By Nicole S. Daniel
When President Joe Biden last year signed the Juneteenth National Independence Day Act, establishing June 19 as a federal holiday, Whitney Simone Generette, CEO of Simone’s Kitchen ATL, said “it was long overdue, but I’m happy to be in a generation where I was able to witness a historical moment.”
Juneteenth has always been special observance for Generette. After she purchased her first food truck in 2020 it was rolled out for the first time on Juneteenth in that year.
Asked why she launched on Juneteenth, Generette said, “I lived in Atlanta for some time after college and I attended a lot of festivals. But I had never attended an event centered around Juneteenth. My food truck was set to be ready around that time and people were ready to get outside [after being quarantined] due to the pandemic . . . So I thought it would be great to launch in Birmingham.”

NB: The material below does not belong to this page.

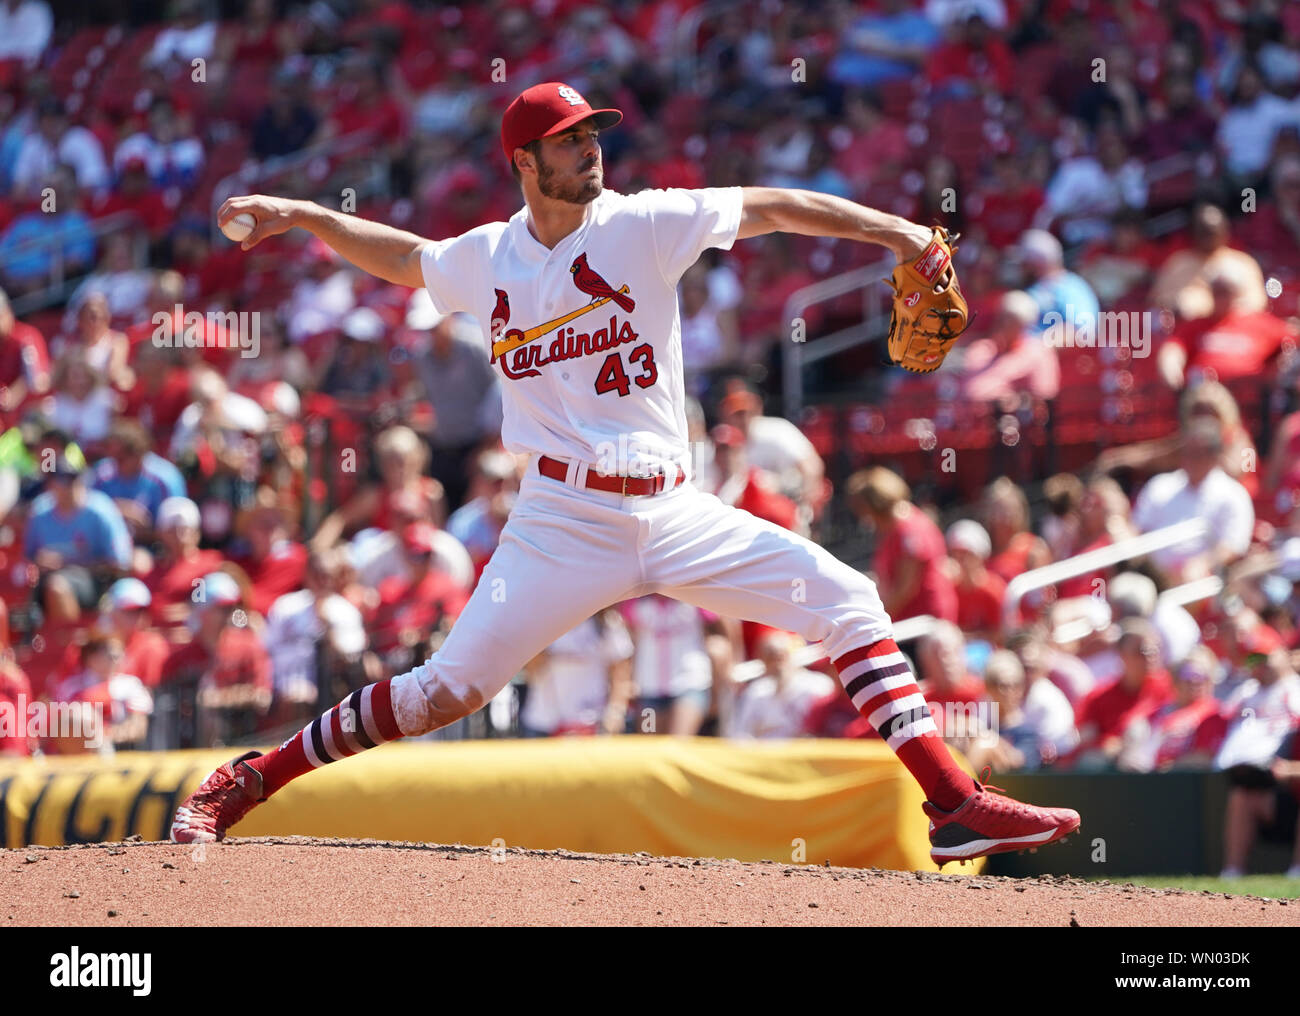 St. Louis, United States. 05th Sep, 2019. St. Louis Cardinals starting pitcher Dekota Hudson delivers a pitch to the San Francisco Giants in the fifth inning at Busch Stadium in St. Louis on Thursday, September 5, 2019. St. Louis defeated San Francisco, 10-0. Photo by Bill Greenblatt/UPI Credit: UPI/Alamy Live News Stock Photo

That launch has become an annual celebration in Birmingham. On Sunday June 19, Generette will host the 3rd Annual Juneteenth in the Magic City Festival, in the parking lot of Club M Compound, 521 3rd Ave W, Birmingham, AL 35204, beginning at 4 p.m. in a gathering that will include approximately 20 food trucks, a Black Wall Street vendor zone, African dancers, games, a DJ mixing live and live bands.
“I was very strategic about having a Black owned venue near Legion Field; all of the vendors are Black owned so that we can continue to generate the Black dollar which is very important,” said Generette.
“I want the Juneteenth in the Magic City Festival to be like a large Black family reunion although everybody is invited,” she added.
A Juneteenth Celebration Guide published by the Birmingham Civil Rights Institute starts with a quick summary of the concept: Though President Abraham Lincoln’s emancipation proclamation became law in January 1863, it was not enforced in places still under Confederate control. Thus it took over two years for approximately 250,000 Texan slaves to learn their freedom had been secured by the government.” It was June 19, 1865 when U.S. Maj. Gen. Gordon Granger announced the news in Galveston, Texas.
The word “Juneteenth,” a mashup of “June” and “nineteenth,” first appeared in the 1890s. “Juneteenth marks a date of major significance in American history and shows us that freedom and racial equality have always been a hard-fought battle for Black Americans – a battle that continues to this day,” says the BCRI guide.
Last year, the Juneteenth Magic City Festival had hundreds of attendees and Generette is anticipating a much larger and diverse crowd this year. “Although it is 100 percent Black-owned, organized and operated, it is publicized to a diverse group of people. Anybody . . . is welcomed to come,” said Generette.
The first 100 tickets are on sale for $5. General admission tickets are $10 once early bird tickets are sold out. To purchase tickets visit here
On Sunday, Ramsay High School Band will perform; there will be a pep rally prior to the festival and fireworks.
In another Juneteenth events this weekend, The Birmingham Civil Rights Institute (BCRI) will hold its Freedom Day celebration from 10 a.m. to 6 p.m. on Saturday, June 18, with the theme “Backyard Boogie.” Special events at BCRI include a free screening of “Through Her Eyes” at 2 p.m. Saturday. According to information provided by BCRI, the film is the story of Rosalee Winbush played by actress Rayven Symone Ferrell, as a timid African American student struggling with her decision to attend a newly integrated school while finding the courage to become the change she desires under extreme racial tensions in the American South; the movie was written and directed by Birmingham native Trent Lumpkin.
“Our goal in observing Juneteenth each year is to the commemorate the emancipation of enslaved African Americans and celebrate Black culture,” says the Institute. “BCRI also hopes to build awareness of the endurance that African Americans have harnessed to overcome centuries of struggles in America.”